La FSN afecta en la mayoría de los casos a pacientes con deterioro de la función renal, sobre todo con FG estimado menor de 30 ml/min/1,73 m2 sin importancia del origen del daño renal (agudo, crónico o pacientes en hemodiálisis)2,3, sometidos a MCG. Según Zou et al., los dos grupos más afectados son los pacientes con insuficiencia renal crónica (IRC) en diálisis (85 % de los casos) y aquellos con insuficiencia renal aguda17. Otro grupo de pacientes que pueden estar afectados son aquellos con insuficiencia hepática que presentan síndrome hepatorrenal agudo18,19. Es bien conocido el hecho de que no todos los pacientes de riesgo expuestos a MCG experimentan enfermedad6.

La FSN es más frecuente en los pacientes de edad media (50-60 años)20, aunque puede afectar a niños y ancianos21,22. No existen diferencias según raza o sexo, ni relación con la causa o duración de la IRC20.
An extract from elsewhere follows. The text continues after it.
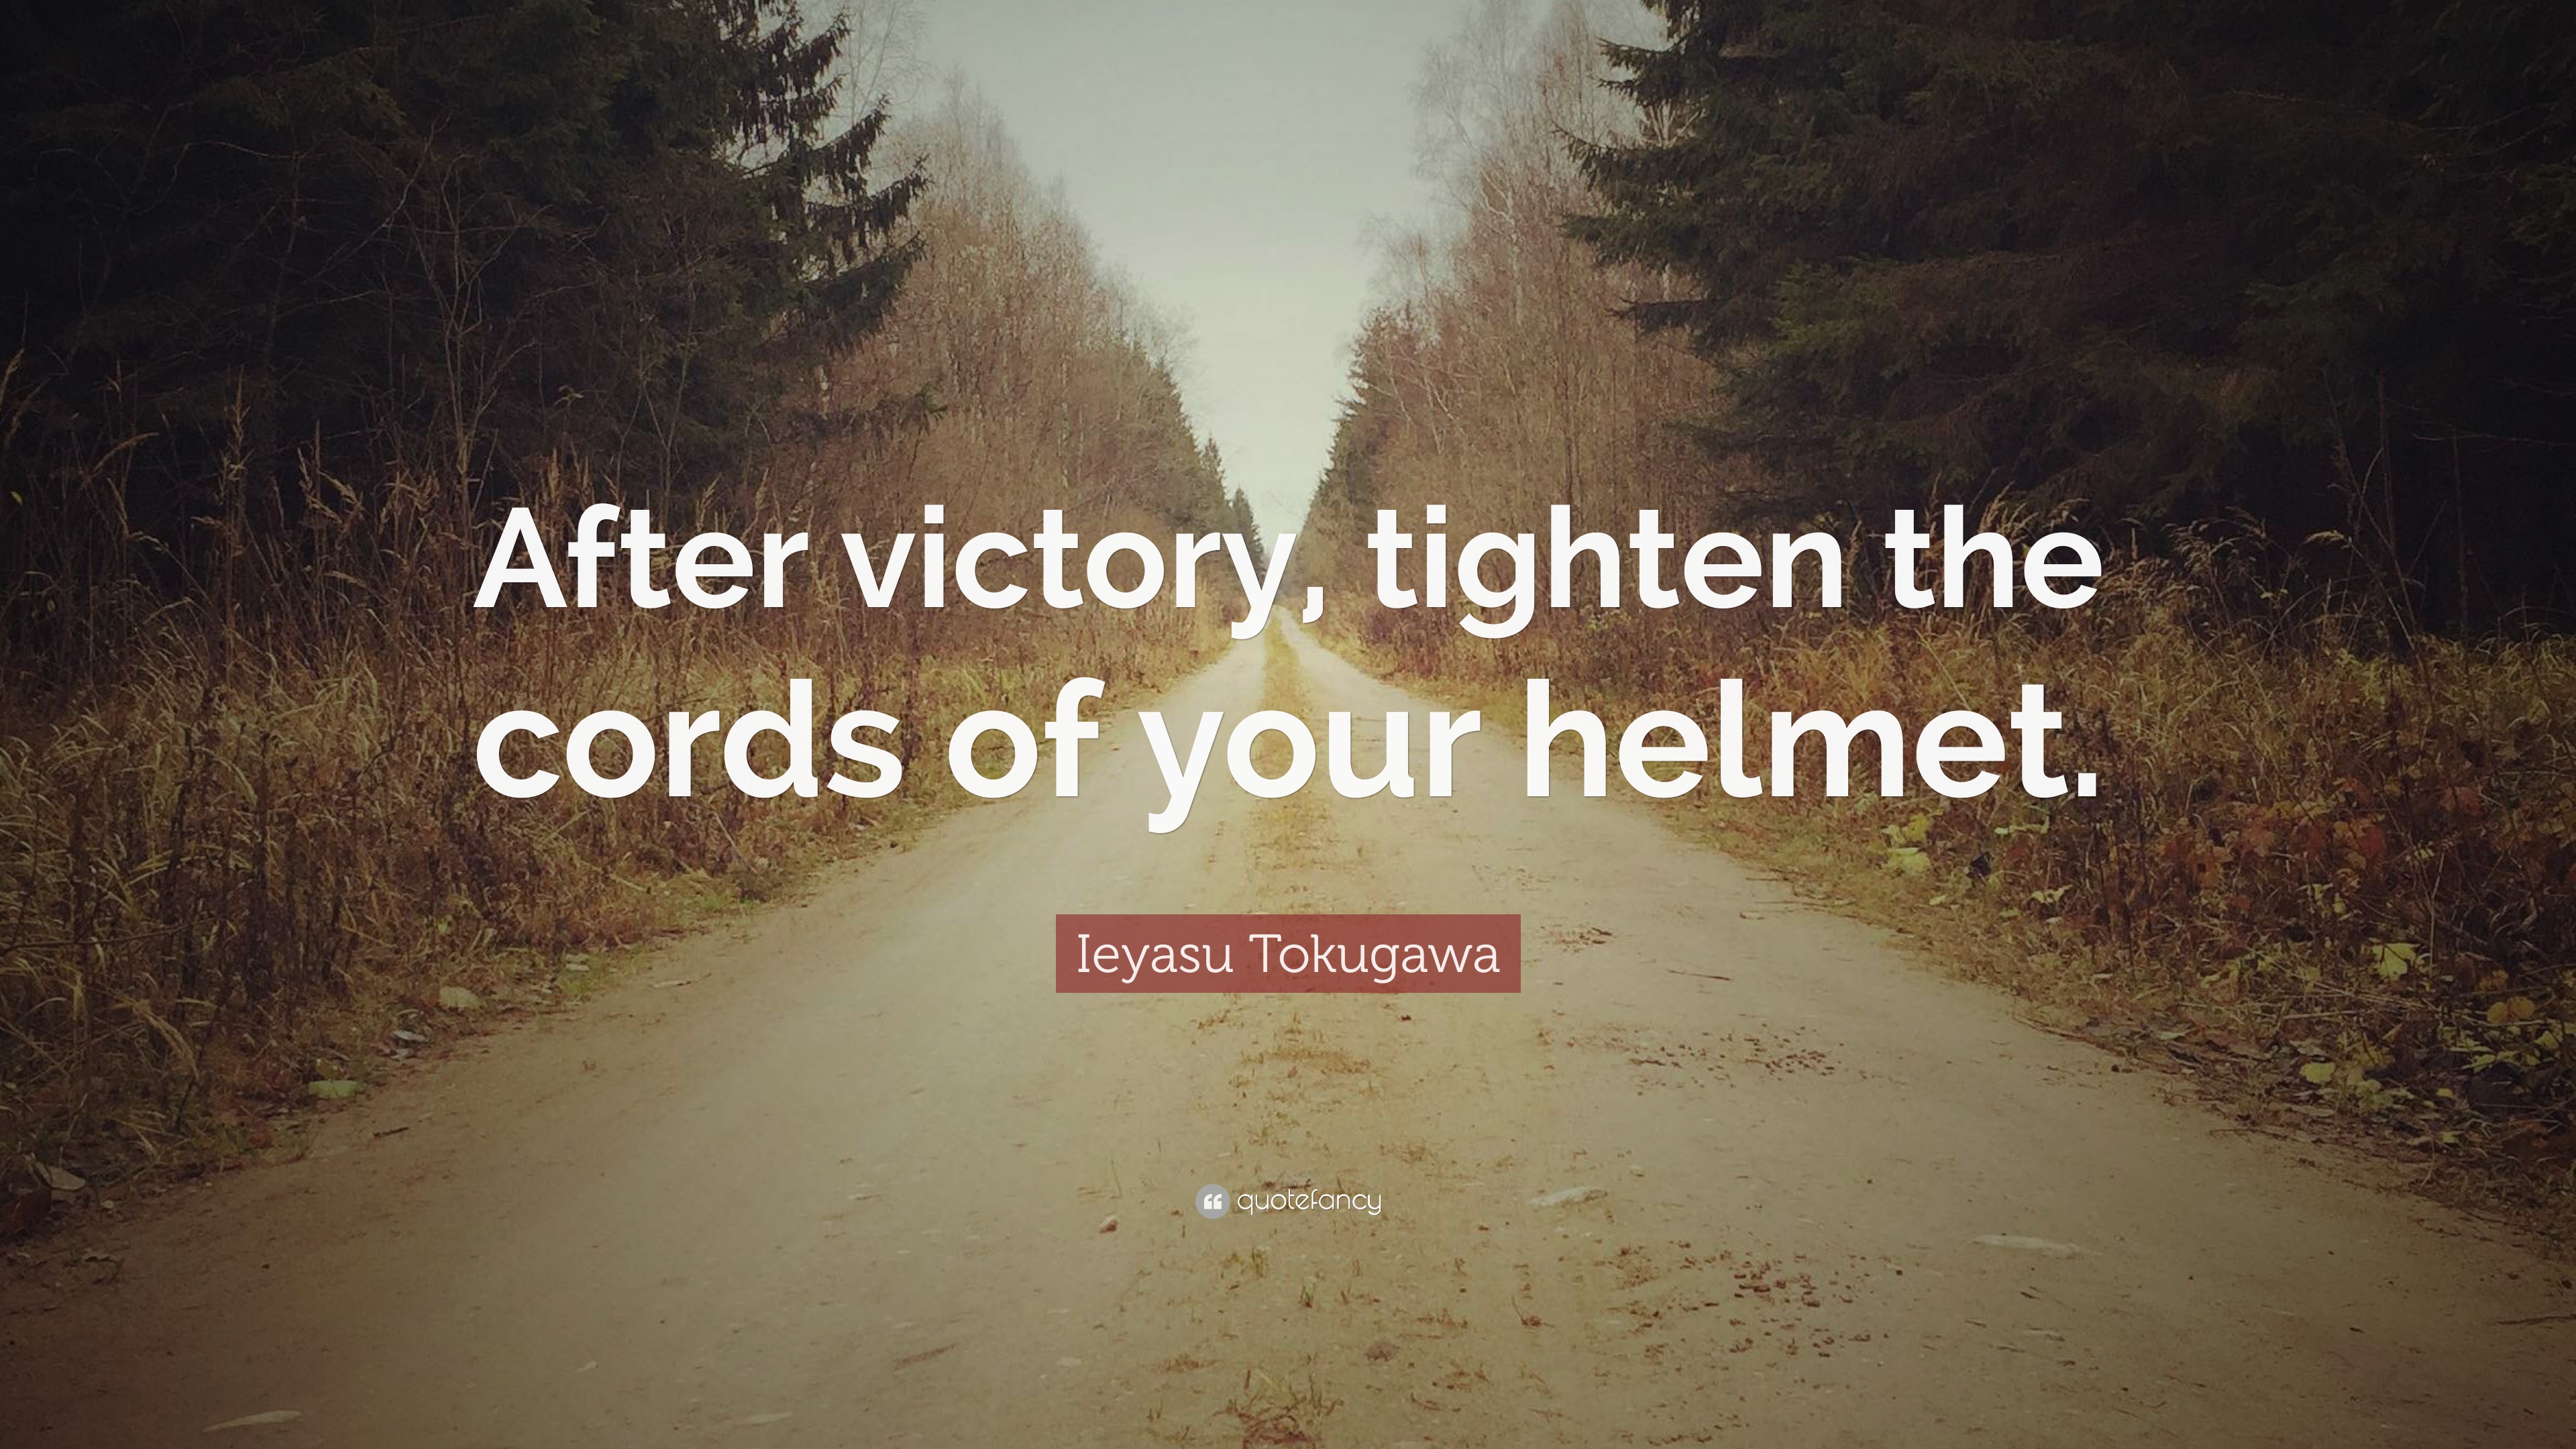 after victory, tighten the cords of your helmet. leyasy tokugawa

Aunque diversos autores han comunicado diferentes prevalencias según la selección de la población, actualmente se estima una incidencia media del 0-18 % en la población de riesgo23. Se ha establecido una clara relación entre la dosis de MCG utilizada y el riesgo de FSN, con una incidencia de FSN próxima a 0 tras una exposición a dosis estándar15,24. También se han comunicado diferencias en la incidencia de FSN según las características de la molécula, habiéndose registrado un mayor número de casos de FSN tras la exposición a compuestos lineales no iónicos. Como hemos mencionado previamente, parece existir mayor riesgo de incidencia en el grupo de pacientes de diálisis peritoneal25.

Gracias al conocimiento de los factores de riesgo y a la mejor utilización de los MCG, el número de casos de FSN ha descendido de forma notable26 . Desde 2008 ya no hay casos descritos con ningun MC sin que se haya cambiado el mismo27. Muchos centros han continuado usando los mismos MCG pero han cambiado los patrones de uso.

 

Etiopatogenia

Aunque la patogenia exacta de la FSN sigue siendo desconocida, la única asociación sólida, identificada en todos los pacientes con FSN, es la insuficiencia renal, tanto en su forma crónica como en la aguda, y su presencia es condición sine qua non para el diagnóstico de la entidad28. Sin embargo, solo un pequeño porcentaje de la población de riesgo expuesta a MCG desarrolla FSN, y también se han descrito casos de FSN sin exposición a MCG29.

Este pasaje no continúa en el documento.